• _INSTRUCTIONS FOR THE TASK_
Pictures excluded, copy word for word the lines from the one holding "The tabletop made" through the last line below.

Records from a data source:
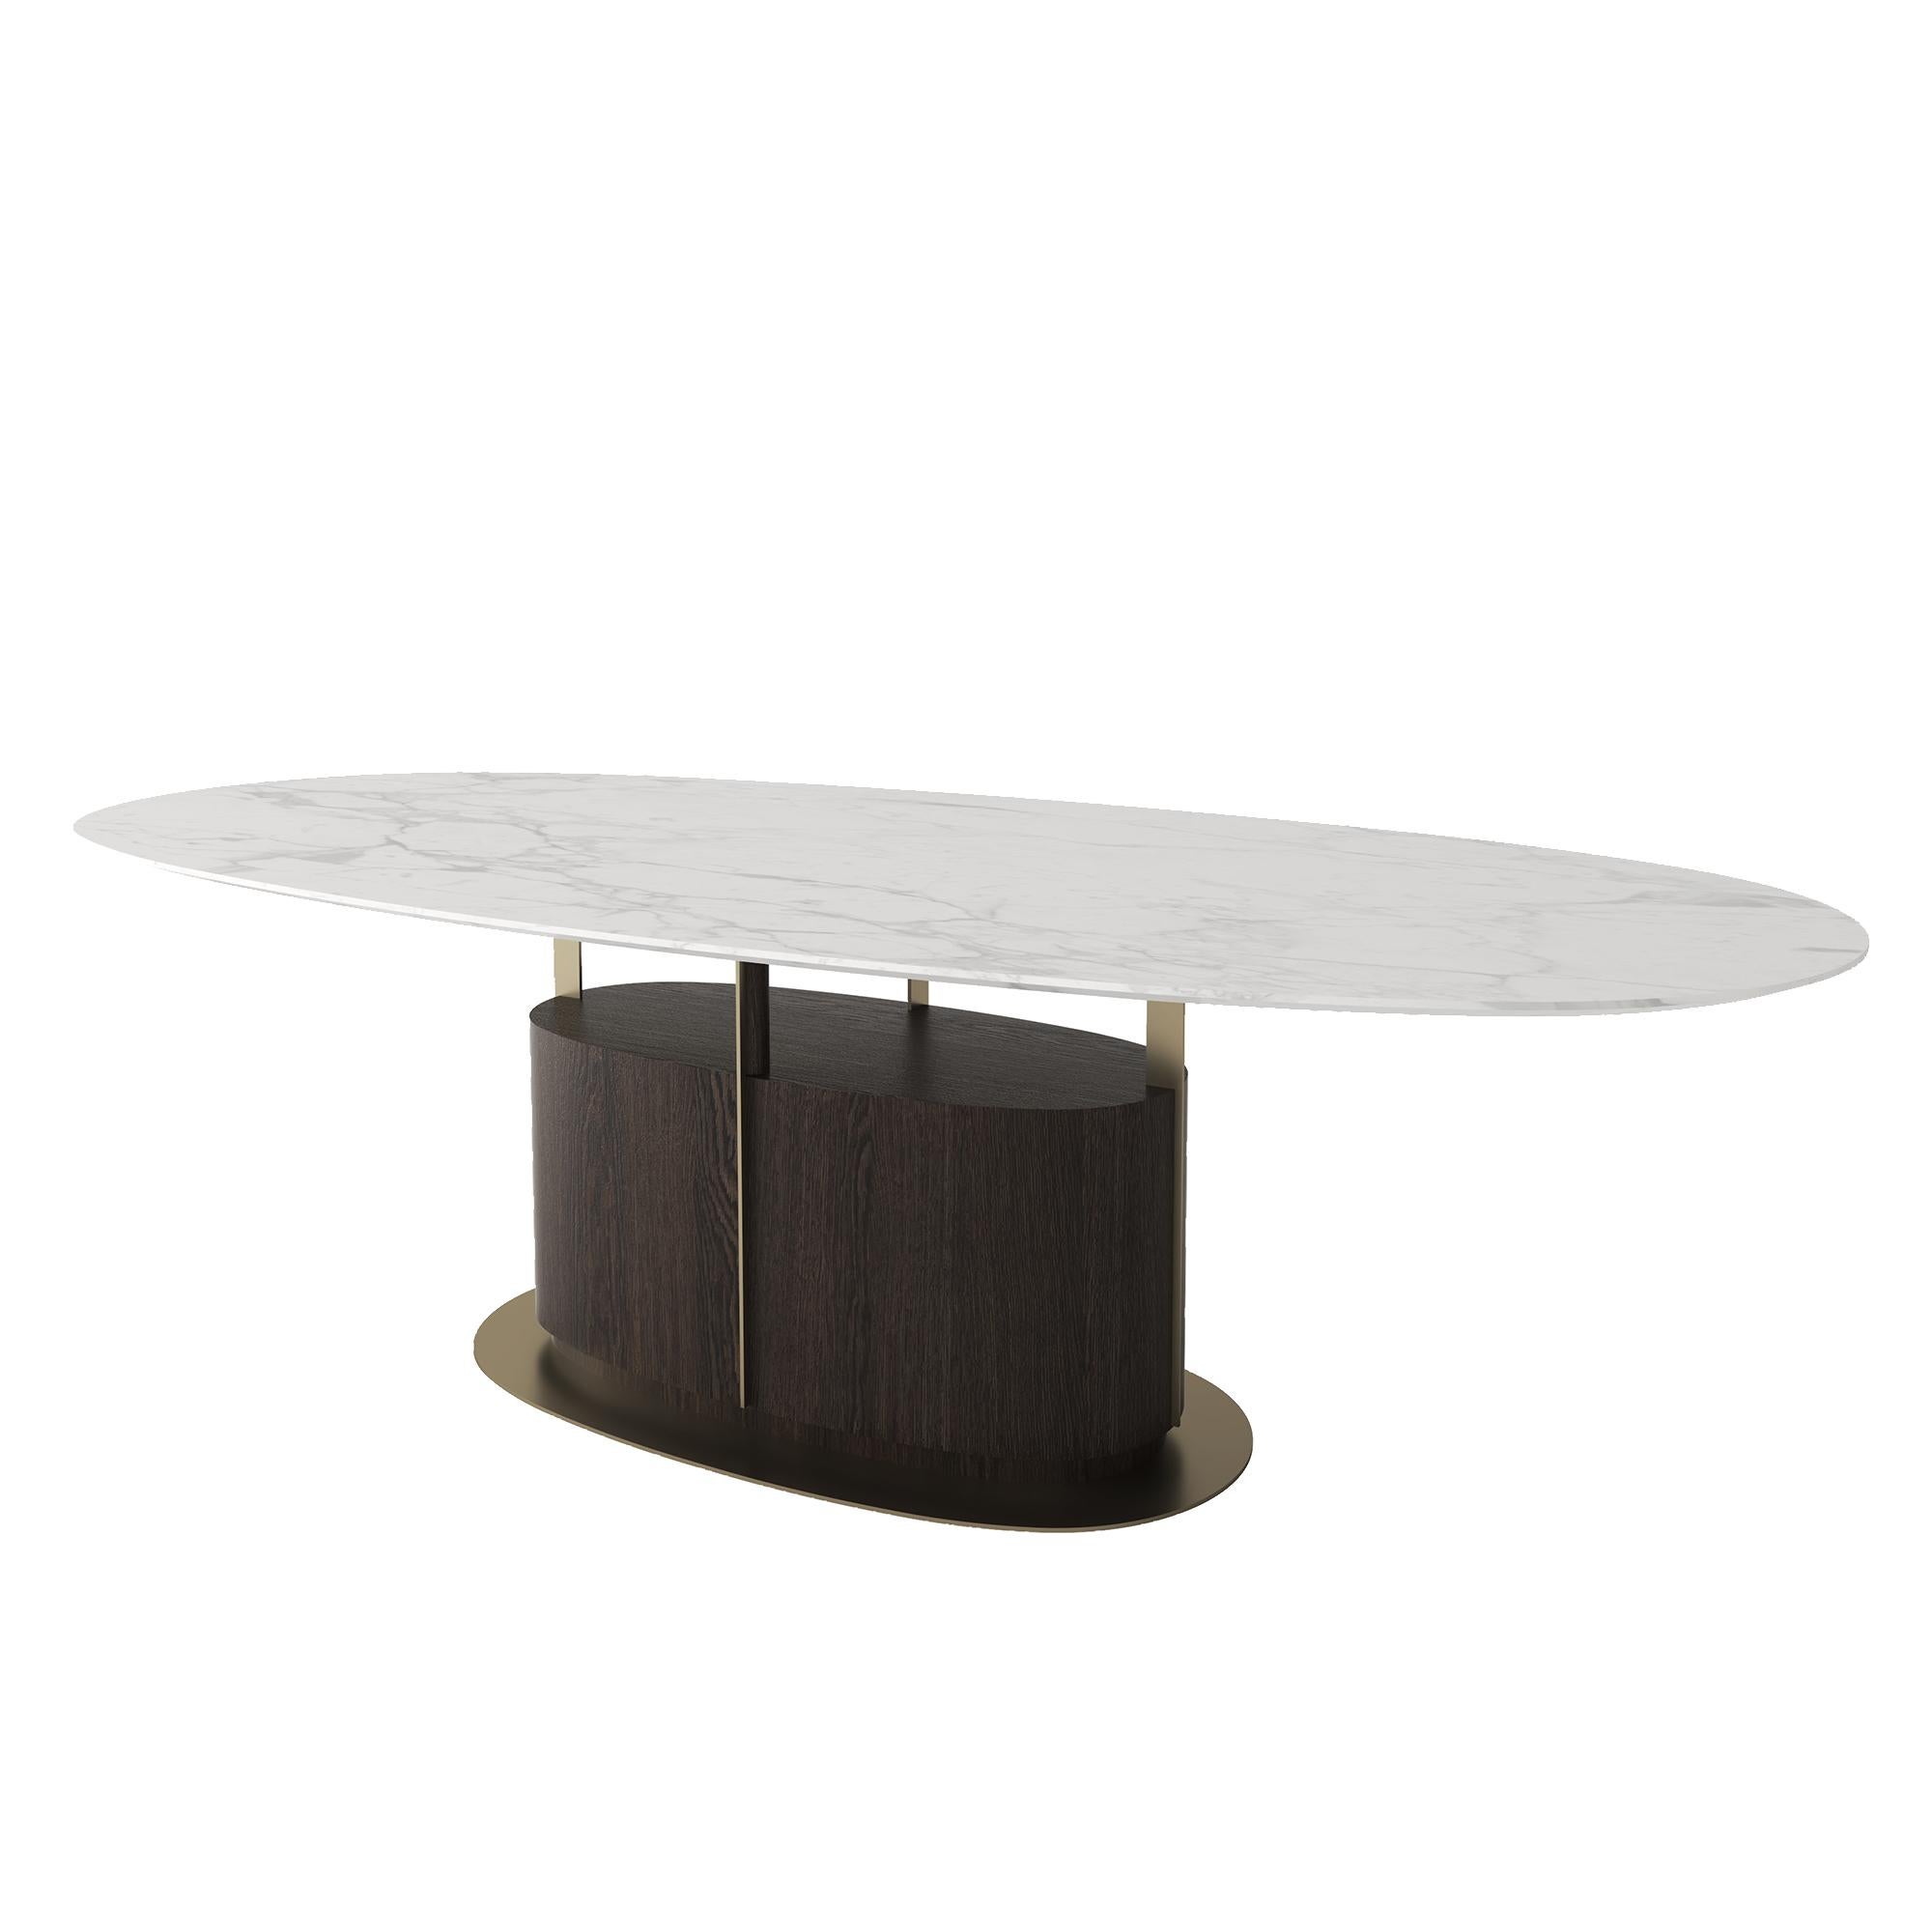 GIO dining table combines the charm of the classic materials with the modern lines.
The tabletop made of marble and its supporting structure made of brass and wood.
Available in different size and materials.
Designed by Erman Bazman for Marbleous.
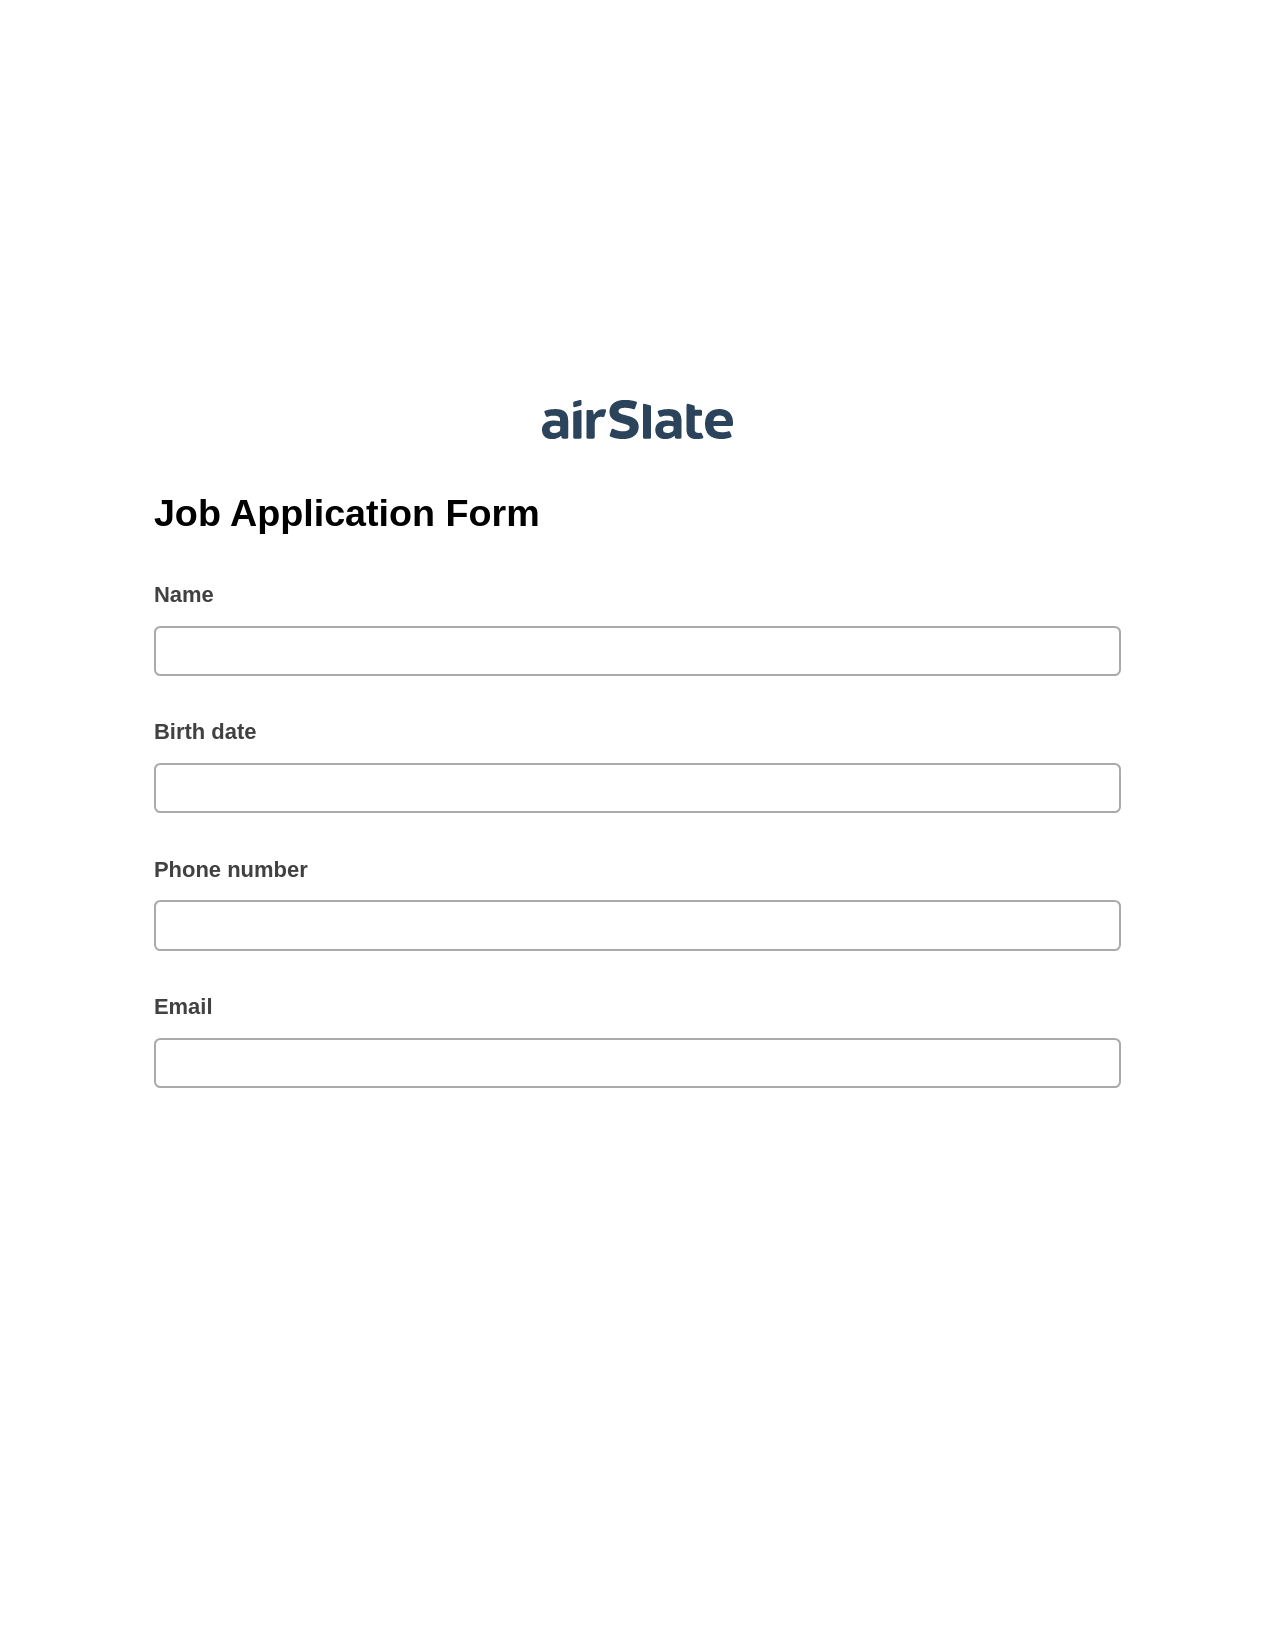 Job Application Form Pre-fill from CSV File Bot, Pre-fill with Custom Data Bot, Post-finish Document Bot

• _REPLY TO THE TASK_
The tabletop made of marble and its supporting structure made of brass and wood.
Available in different size and materials.
Designed by Erman Bazman for Marbleous.
 Job Application Form Pre-fill from CSV File Bot, Pre-fill with Custom Data Bot, Post-finish Document Bot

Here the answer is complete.